What if all these people could help with international shipping?

(Photo by Flickr user Anne Worner, used under a Creative Commons license)

Tahur in Bangladesh wants an iPhone 7. If I happened to be traveling in that direction I could pick it up for him, and he’d pay me for in-person delivery. See, for Tahur that’d still be cheaper than trying to buy an iPhone 7 in Bangladesh, and on my end I’d make a little travel cash.
I’m not headed to Bangladesh (at the moment), but I know Tahur wants to buy an iPhone 7 because I saw his solicitation on Airposted — a new peer-to-peer international shipping platform.

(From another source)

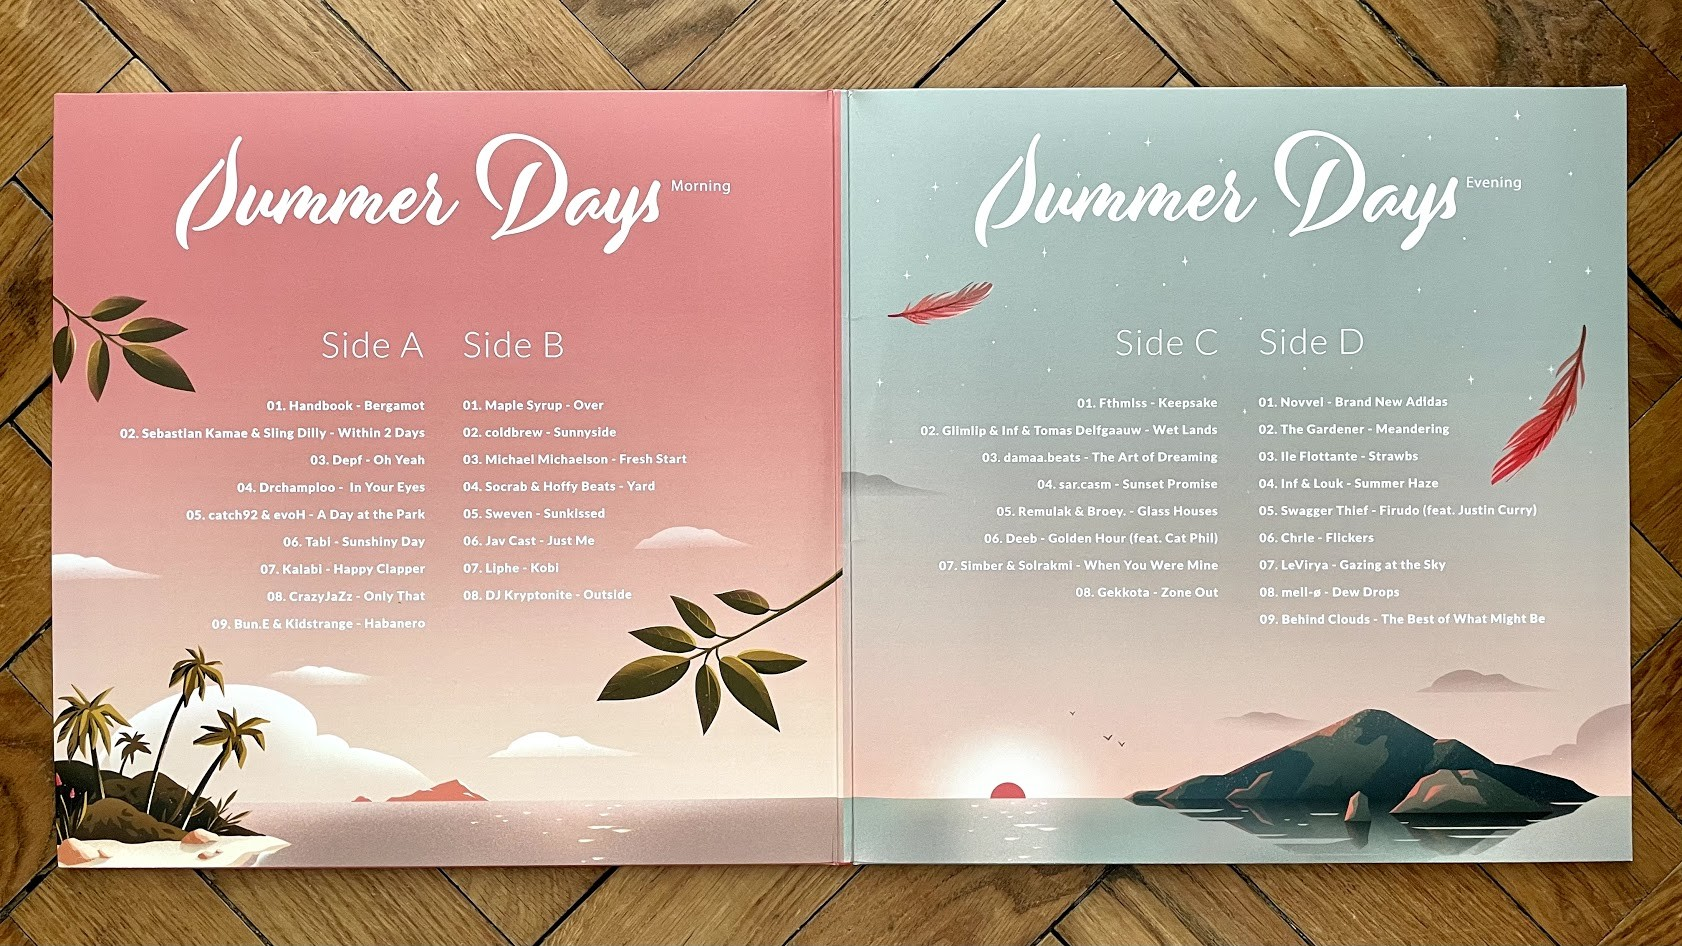 summer-days-aviary-day-gatefold-cover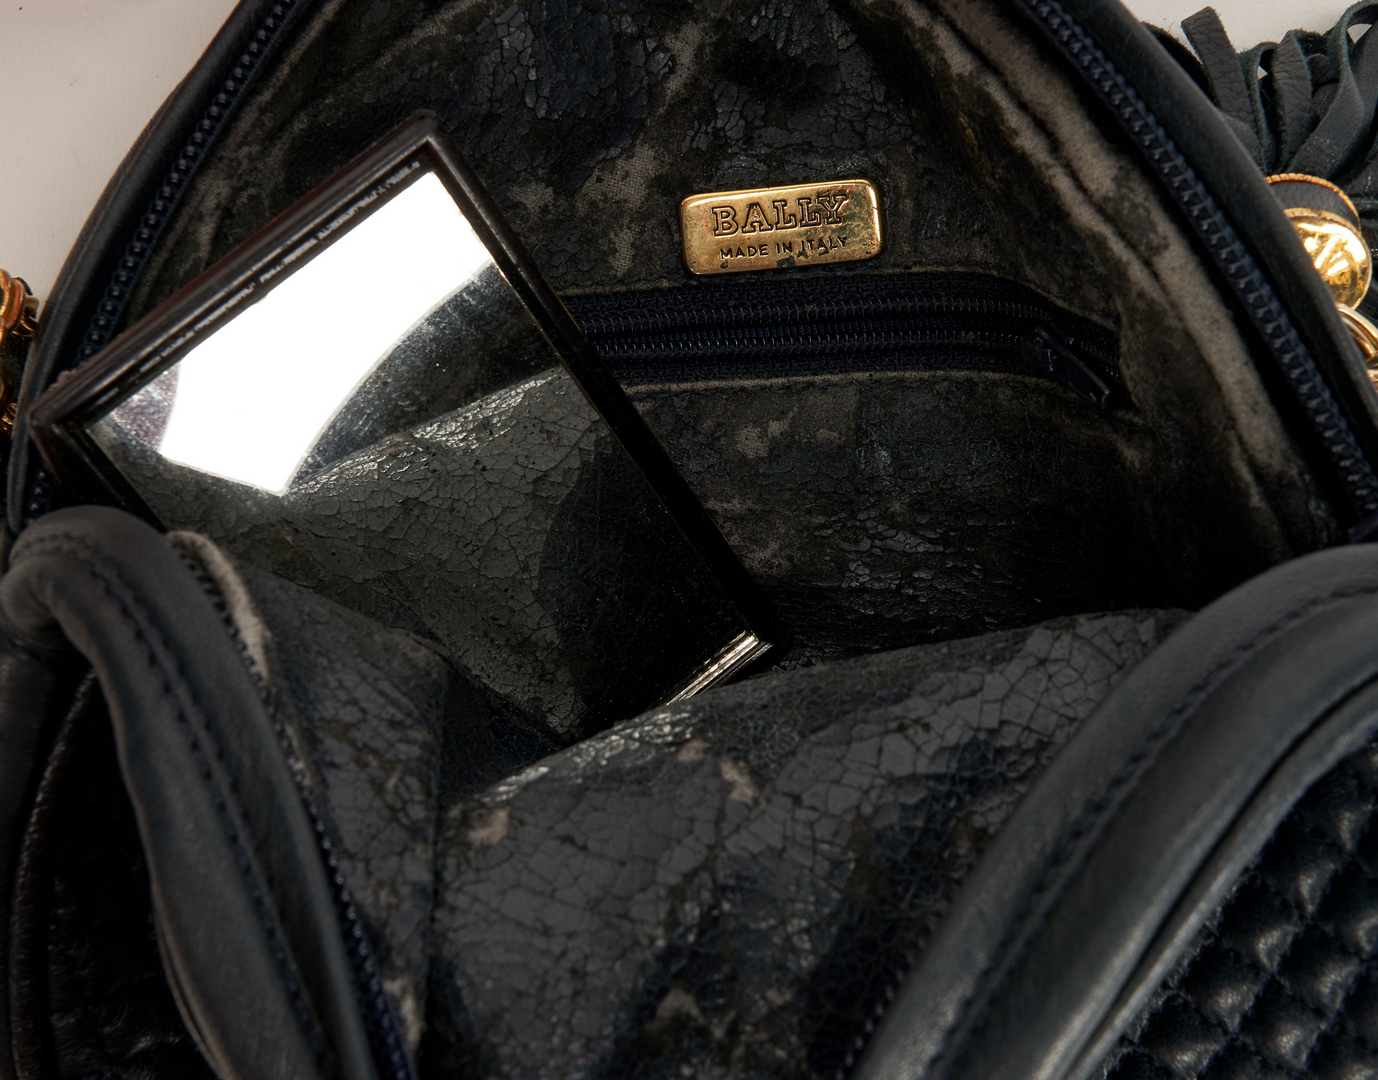 Lot 713: 6 Designer Handbags, incl. Bottega Veneta, Salvatore Ferragamo

The concept is this: A platform to connect a buyer who is looking to obtain something from another part of the world (that they can’t get or is too expensive to get shipped traditionally) with a traveler who is already headed in that direction (and willing to pick said item up for a negotiable fee). Airposted gets a 5 percent service fee on all transactions.
“Airposted is on a mission to make the world smaller by enabling buyers to shop for goods from anywhere in the world and have it delivered to them by a traveler who is already heading their way,” the website proudly declares.
Airposted, which launched a few weeks ago, is a new project for Raisa Rahman, whose day job is in marketing at the Paul Singh-founded coworking spot Brickyard. Rahman founded Airposted about four months ago with her cousin and cousin’s friend. The three have experienced the difficulties of international shipping first-hand, and felt as though a peer-to-peer model could provide an answer.
“It’s working so well in other areas,” Rahman told Technical.ly, citing ridesharing services, homesharing services and more. Why not shipping?
It’s an interesting theory — though not without its challenges.
One that comes to mind immediately: How does the platform deal with illegal substances? Rahman told Technical.ly the primary deterrent is common sense — as the traveler, you’d be the one on the hook for transporting anything you shouldn’t. “You as a traveler should know better,” she said.
And yet, the international drug trade continues to exist, indicating that transporting illegal substances across borders is potentially more a matter of price point than anything else.
But Rahman really believes that a peer-to-peer model is what’s missing from the world of shipping. “I definitely see this being a thing for the future,” she said, indicating that she hopes Airposted will lead the charge. And despite how new this is, the company has already seen its first transaction — a U.S.-based buyer looking for a specific type of soap from Greece.